In New York, arrogance has bitten Andrew Cuomo in the ass before, when he disbanded the Moreland Commission on Ethics a few years back, and declared recently that he knew more than the nine healthcare professionals who resigned his administration following the burgeoning Nursing Home controversy — the subject of yet another investigation. Arrogance has long been Andrew’s Achilles heel, but stupidity…? Never. Until now.

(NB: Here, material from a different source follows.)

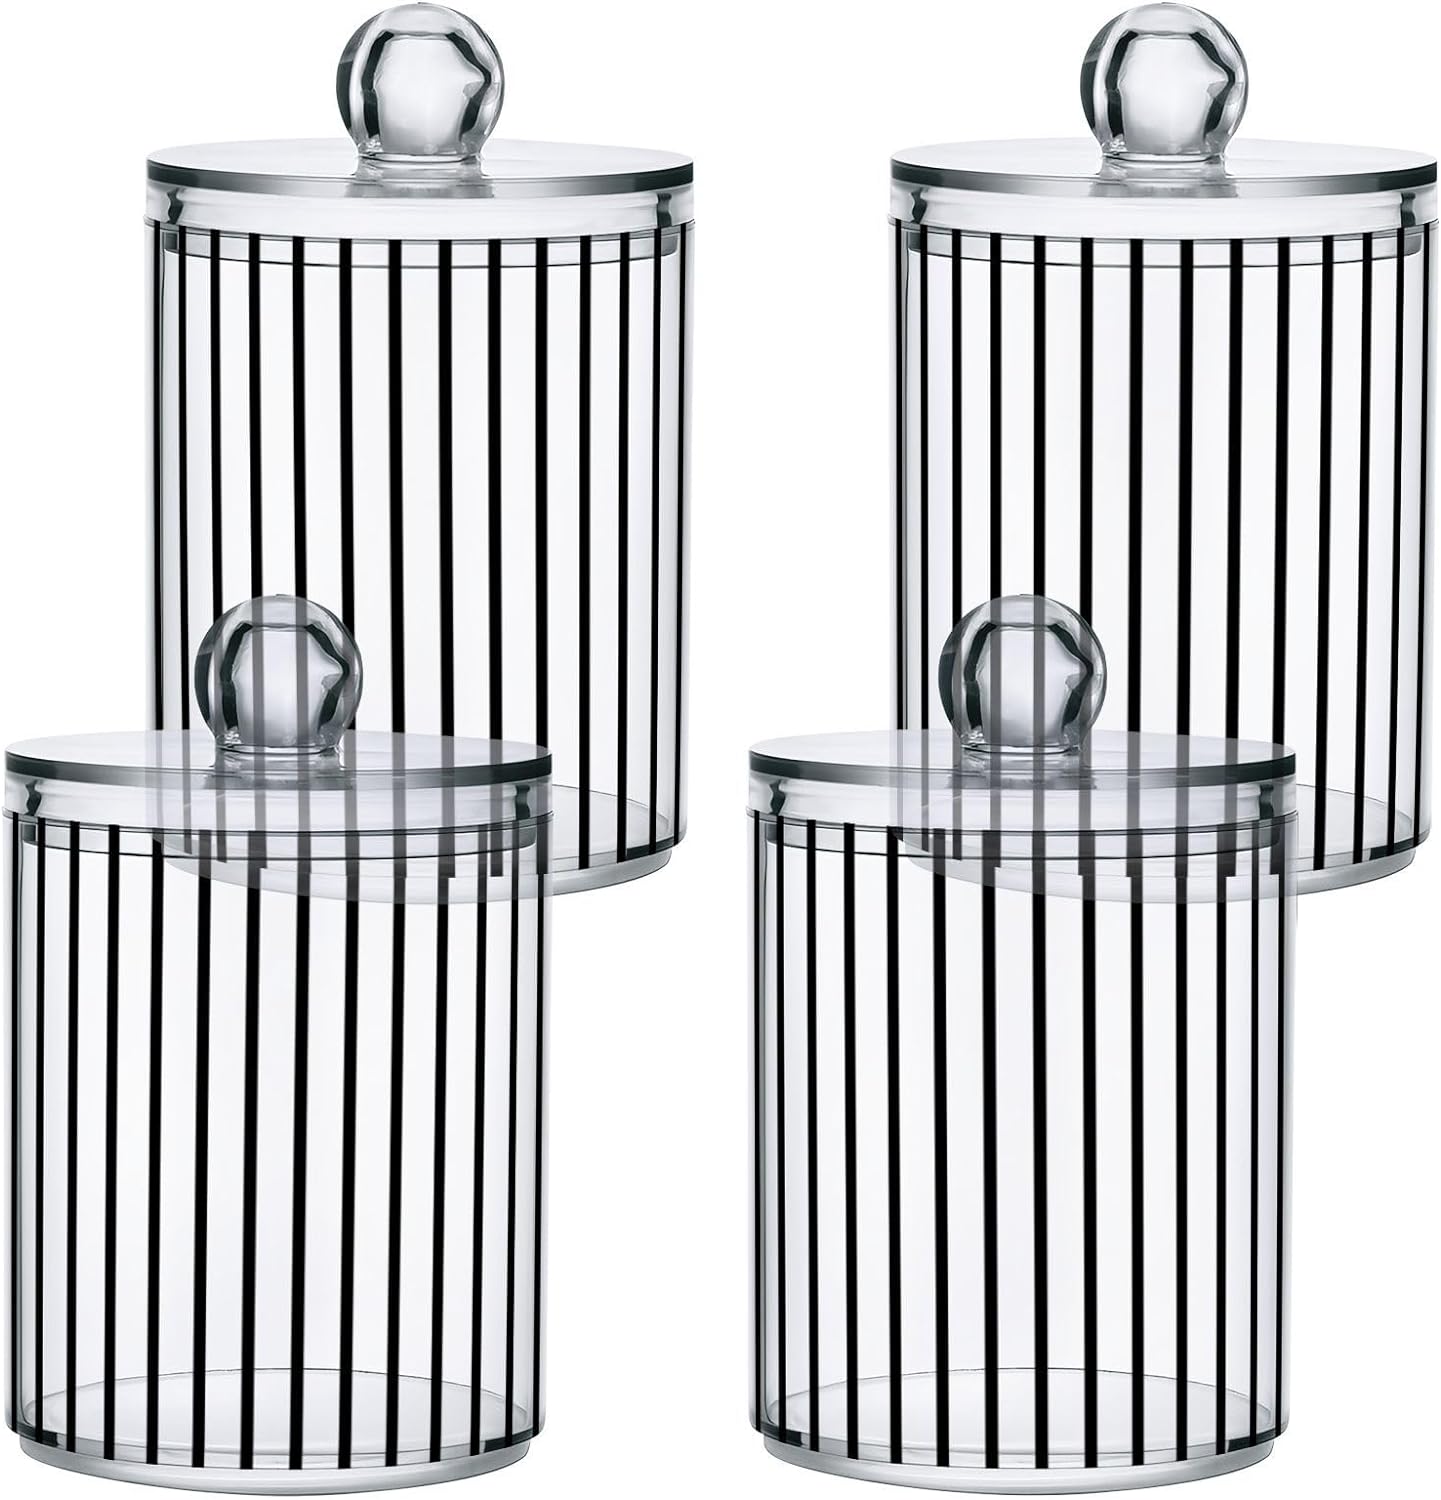 FLildon Black White Stripes Qtip Holder Dispenser, Bathroom Organizer and Storage Containers, 4Pack Clear Plastic Apothecary Jars with Lids for Cotton Ball, Cotton Swab, Floss

What kind of brilliant political tactician meets privately in his office with female staff members, without another ranking female staff member present to monitor the meeting? In 2021, what supervisor in his or her right mind would discuss sex with a sexual assault survivor — known to you to be a sexual assault survivor? Astounding.

Santa Rosa attorney and a leading advocate for sexual assault victims Michael A. Fiumara, who won one of the largest sexual assault cases in California vs. the Catholic Church, noted that the mere mention of sex or anything sexual, “sets off post-traumatic stress triggers,” in most sexual assault victims. Surely a former Attorney General and a champion of women’s rights and protections for domestic violence victims like Cuomo, should have known that. It’s incomprehensible that he didn’t.

Incomprehensible? Yes. Insensitive? Yes. impeachable? I don’t think so. Nor should Cuomo even think of resigning before a full and independent fact-finding investigation — with those making allegations having a fair hearing of their complaints — has been completed by the State AG’s office.

New York and California hold 80 of the nation’s 435 seats in Congress. Approximately a dozen of those Congressional seats are in swing districts, at a time when the switch of only 6 seats in the House of Representatives, could give the misogynistic, racist, anti-Semitic, anti-Science, anti-LGBTQ, White Supremacist GOP control of the House, and the ability to suffocate all Civil Rights legislation. The sweeping, political and social justice stakes for this nation have rarely been higher.

I fully understand that as the grandfather of 3 granddaughters and the partner of a strong, independent woman for 49 years, I leave myself open to the charge of either being generationally out-of-touch, or a hypocrite who would want the women in my life believed if they were sexually harassed. I might not be willing to listen to the facts, nor to wait for a months-long investigation. I’d probably want to follow the lead of Lorena Bobbitt, with the ostensibly offending male.

I hope I would have the strength to stick to the rule of law, and abide by the findings of a legitimate and impartial investigation into such explosive and life-changing charges. I’m not certain I would. But I do know, having been trained in both the law and in language, to understand that words, and actions, have consequences, and that, more than ever, we need to insist on the unvarnished facts, despite which side we’re on. I’d like to think I’m on the side of the truth, no matter how painful.